LOUIS COETZEE obtained his BEng (Civil), BEng (Hons) and MEng (cum laude) in Water Resources Engineering at the University of Pretoria, and is currently studying towards a PhD. He joined the academic setting of the University of Pretoria as a junior lecturer in 2011 after completing his undergraduate studies. He obtained his early orofessional experience working for Sinotech CC and is currently employed as an Engineer at SMEC South Africa (Pty) Ltd. He has presented various courses on flood determination, flood lines, drainage structures, stormwater modelling, pipelines, pump stations and drainage systems in conjunction with Prof SJ van Vuuren.

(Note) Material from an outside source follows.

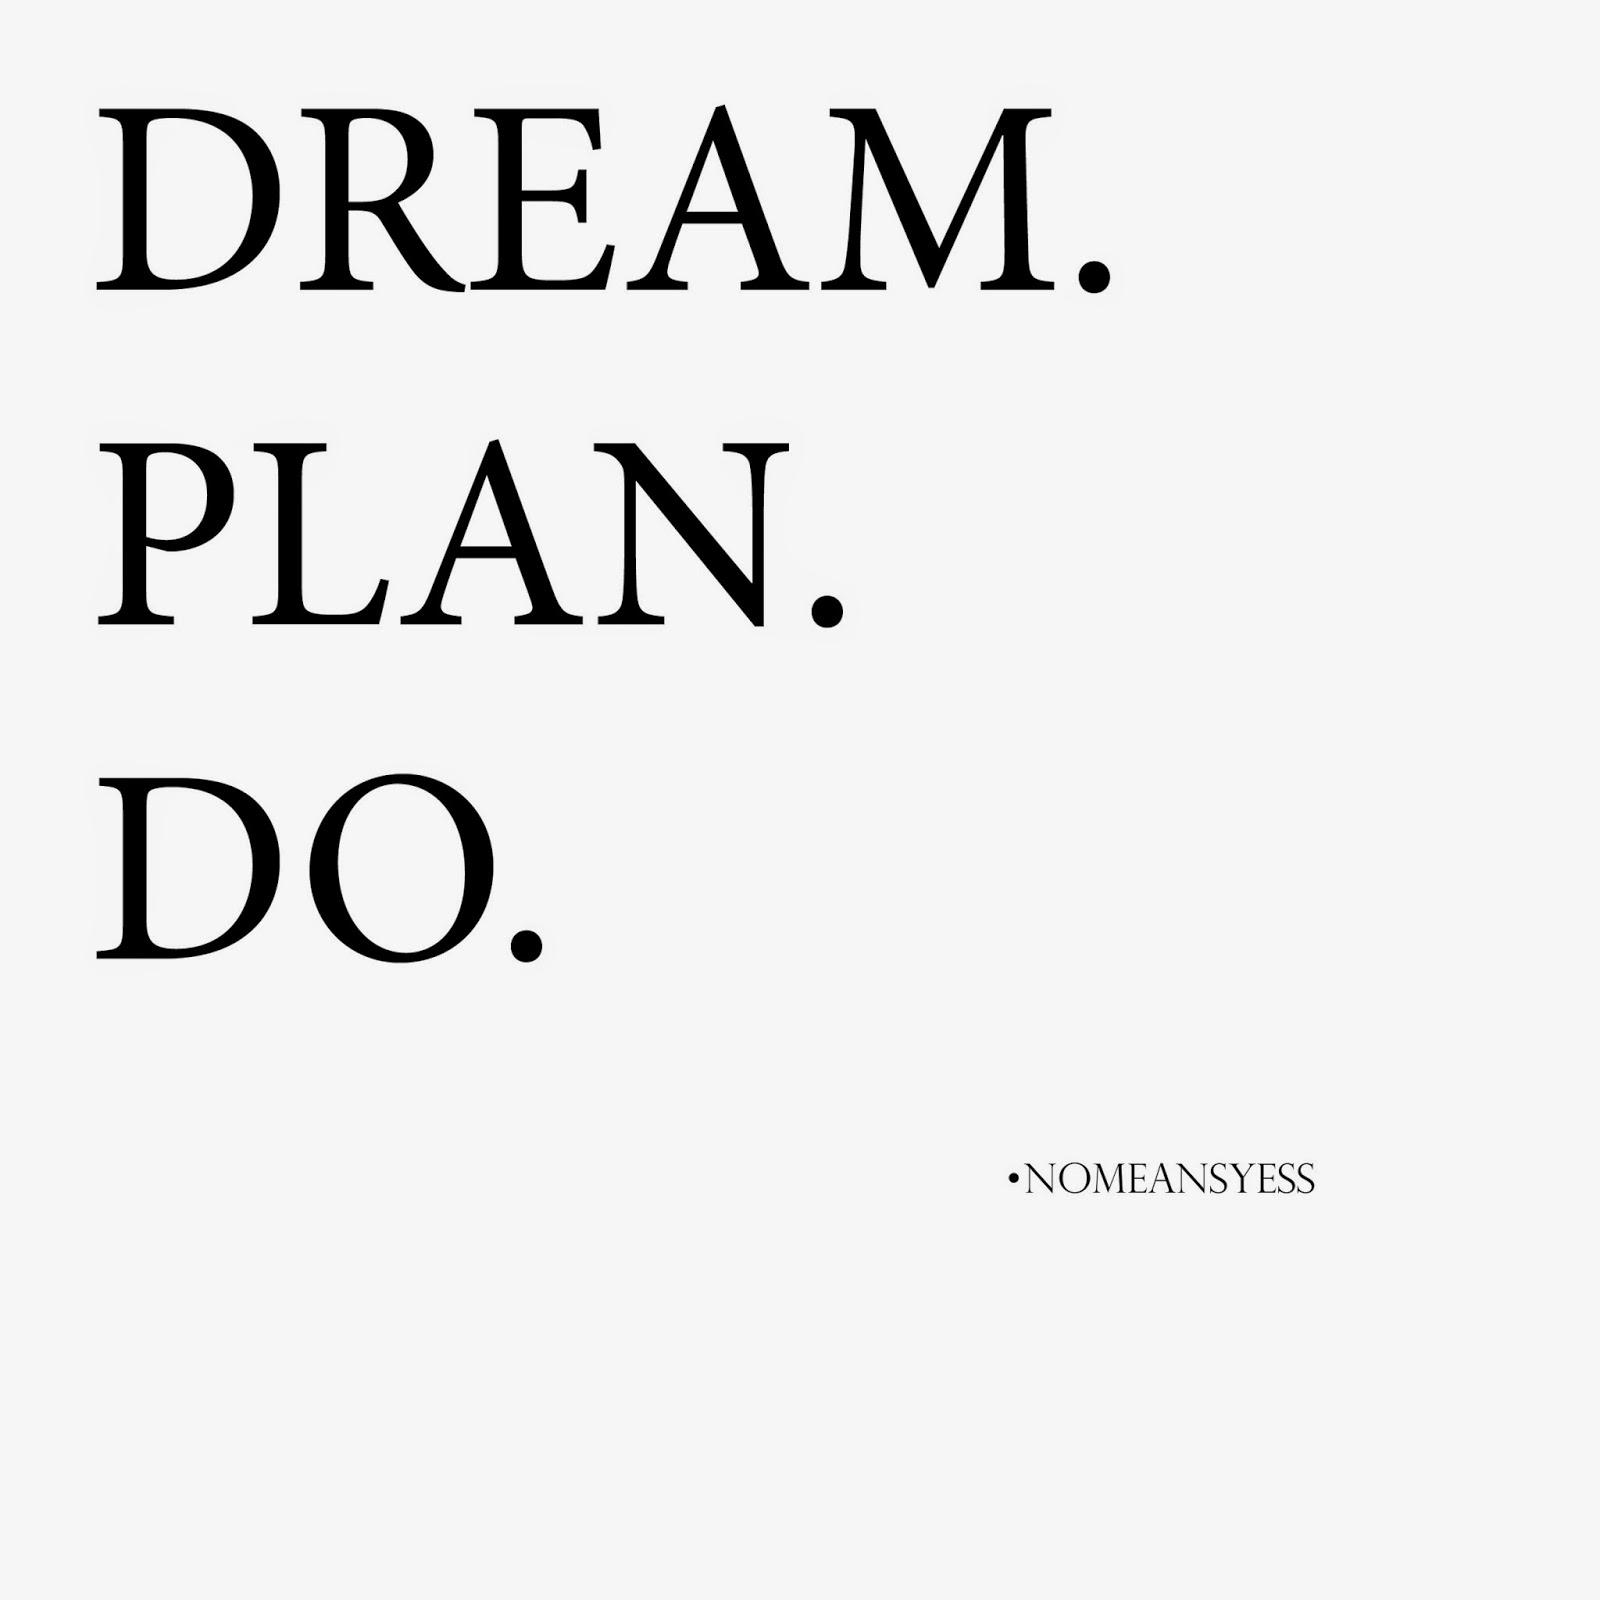 dream plan do
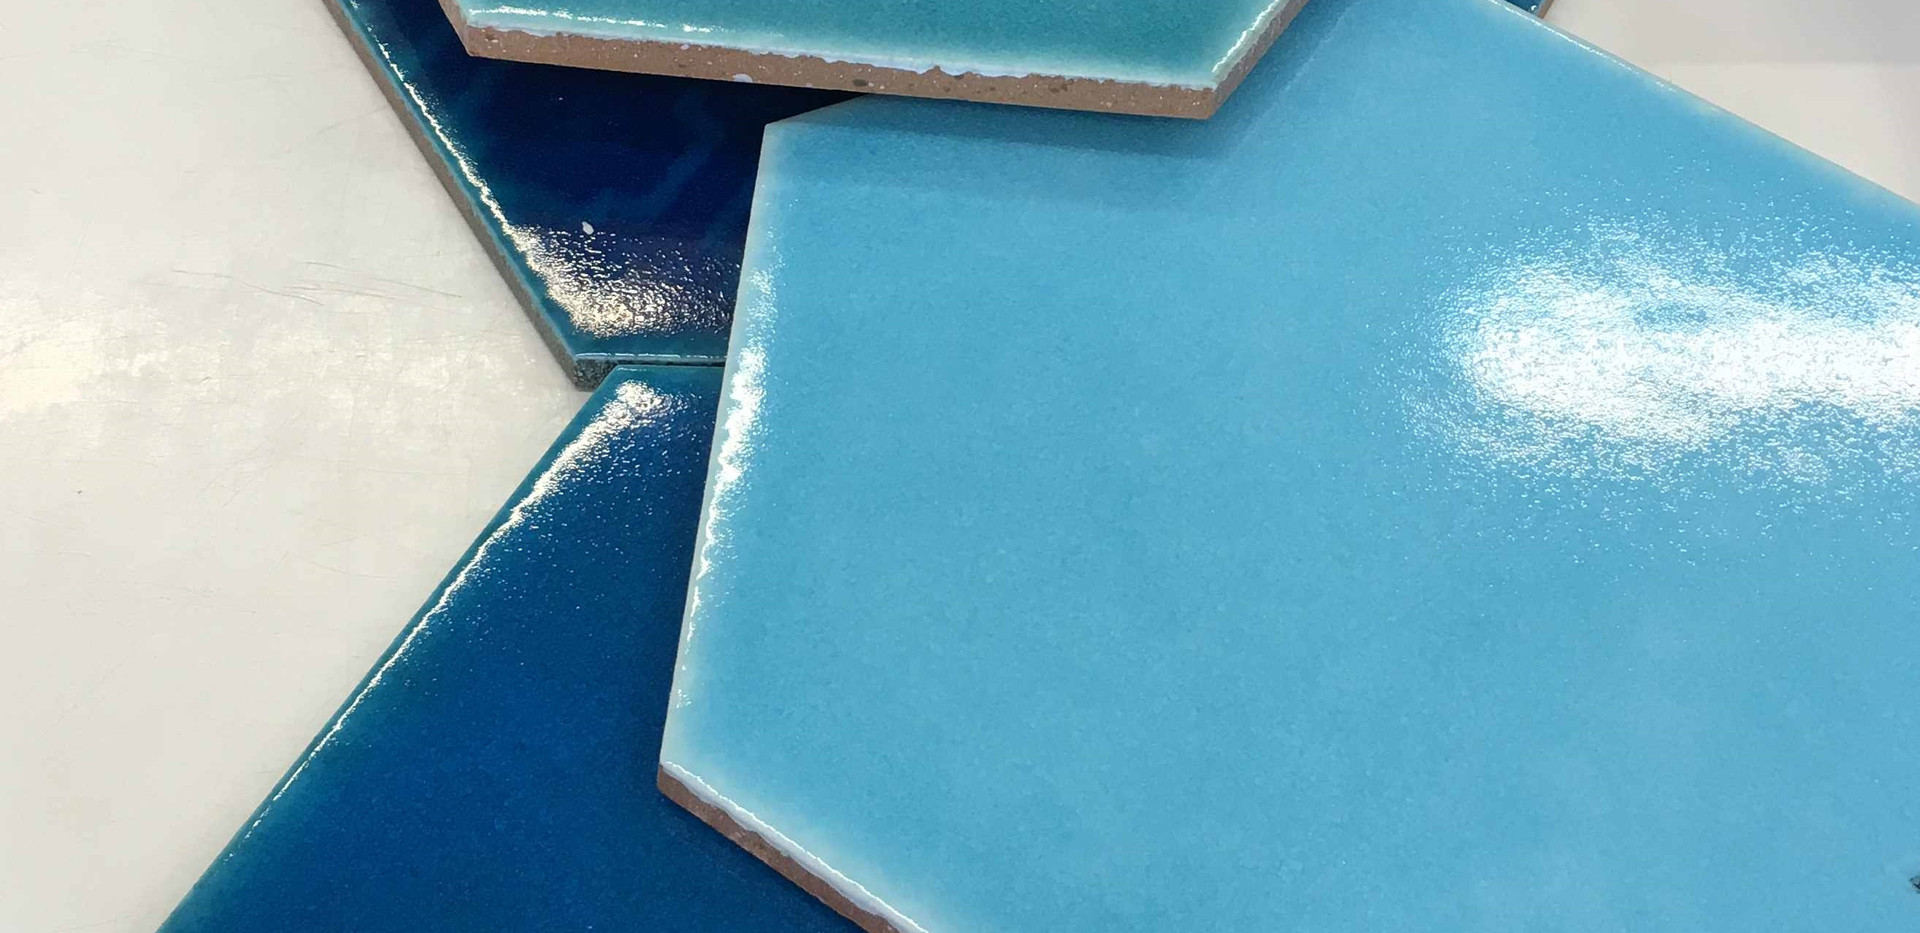 אריחי משושה בגווני כחול לריצוף ולחיפוי

He has a specia interest in numerical and physical modelling of hydraulic structures and water distribution networks.
DR PAUL ROBERTS Pr Eng, a civil engineer, retired at the end of March 2003 from the then South African Department of Water Affairs and Forestry after a career of some 42 years in water resources management. Since retirement he has been active in consulting work in South Africa and Africa. He has also served as the SANCOLD South African National Committee on Large Dams) secretary since 2008.